With regard to the five aspects of the natural ending experience, I was definitely experiencing most of these simultaneously. Looking back at where I was at that time, I had no idea who Bridges was or that people even experience transitions through life’s changes. I definitely experienced disenchantment in the 6-month space between the relationship break up and leaving home in Florida for good. I also had been disengaging from what was familiar and had been dismantling my old life and routines piece by piece. In “Transitions,” Bridges states, “In breaking your old connections to the world and taking apart the internal structures required by those connections, you also lose your old ways of defining yourself.” (Bridges pp. 115-116). I didn’t know who I was but I did know that what had been occurring wasn’t what I wanted going forward, and life up to that point had become unfulfilling.

The Neutral Zone

I have a vivid memory of the day in early June of 1995 when I closed the chapter on living in Tampa. It was a clear and warm morning; my buddy Neil came down to the train station to wish me “a happy rest of your life” and I think that’s what finally made the ending of leaving Florida a tangible reality.  I remember feeling a concrete disconnect from that environment as I watched the scenery pass by when train pulled out of the station. I had all of my worldly possessions in my backpack and had no idea what was going to happen next. I felt exhilarated at the prospect of pulling into strange towns and relying on maps and guides to navigate and meet short-term objectives. As we traveled to town after town, we had the opportunity to meet many new people and enjoy all kinds of unexpected experiences.

In chapter 6 of “Transitions,” Bridges states: “For many people, the experience of the neutral zone is essentially one of emptiness in which the old reality looks transparent and nothing feels solid anymore.” (Bridges p. 139). Bridges goes on to say two pages later, “[The second] reason for the gap between the old life and the new is that the process of disintegration and reintegration is the source of renewal.” (Bridges p. 141). Looking back at my personal transition occurring, the two-month gap between Florida and New York involved so much more then physical relocating.  I was on a physical journey to see the landscape of the land but also on a spiritual journey to figure out who I was, what I wanted and where I was going.

The New Beginning 

By mid-August, we pulled into Grand Central Station in New York City. All three of us were staying with my family for a couple of weeks however this was my final destination. When my traveling companions left New York, I stayed behind and started the next chapter in my life. I felt no negative anxiety, only excitement as I quickly settled into a new and wonderful routine.

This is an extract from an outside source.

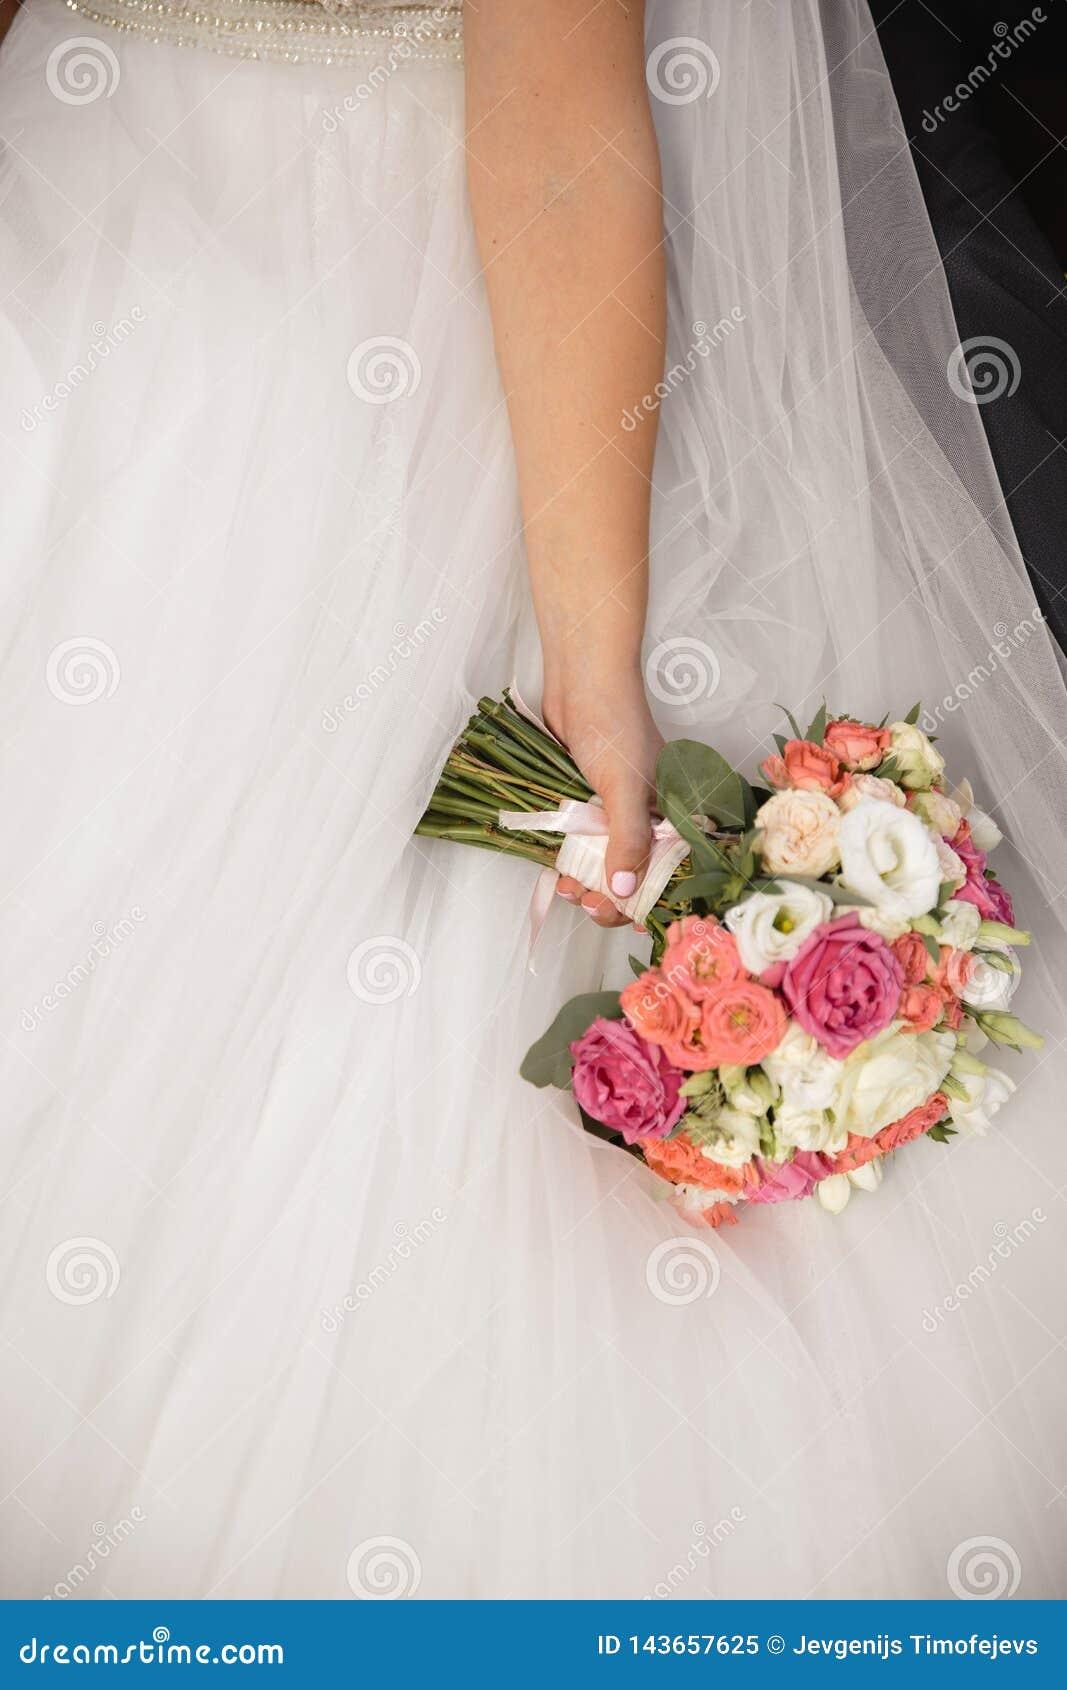 Casandose el ramo de las flores en la mano de la novia - novia en vestido de boda

Bridges states, “Genuine beginnings depend upon this kind of inner realignment rather than on external shifts, for it is when we are aligned with deep longings (the real wantings discussed in Chapter 5) that we become powerfully motivated.” (Bridges p. 163). I have first-hand experience with inner realignment driving an external shift. After all, it was a spark from within my spirit that initiated the desire to change how things were. This facilitated a need to change the current circumstances of my life but not knowing what I wanted or how I would achieve that.

Having the ability to go on an unscripted journey for an indefinite amount of time provided the setting and backdrop for internal changes that were inevitability coming. Being in a new physical space was the perfect vehicle to evolve into a more aware state of being. Looking back, I feel that it was easier to assimilate into a new beginning from a new environment. The new environment also made it easier to disassociate from the feelings of emptiness and ambivalence I had experienced in Florida and gave me a renewed sense of living. Living in New York provided some pretty great opportunities and I remember feeling a high degree of fulfillment. I am very glad that I took the initiative and had the courage to embark on the journey during the summer of 1995. I can honestly say that this transition has had a life-long impact on who I am and what my values are.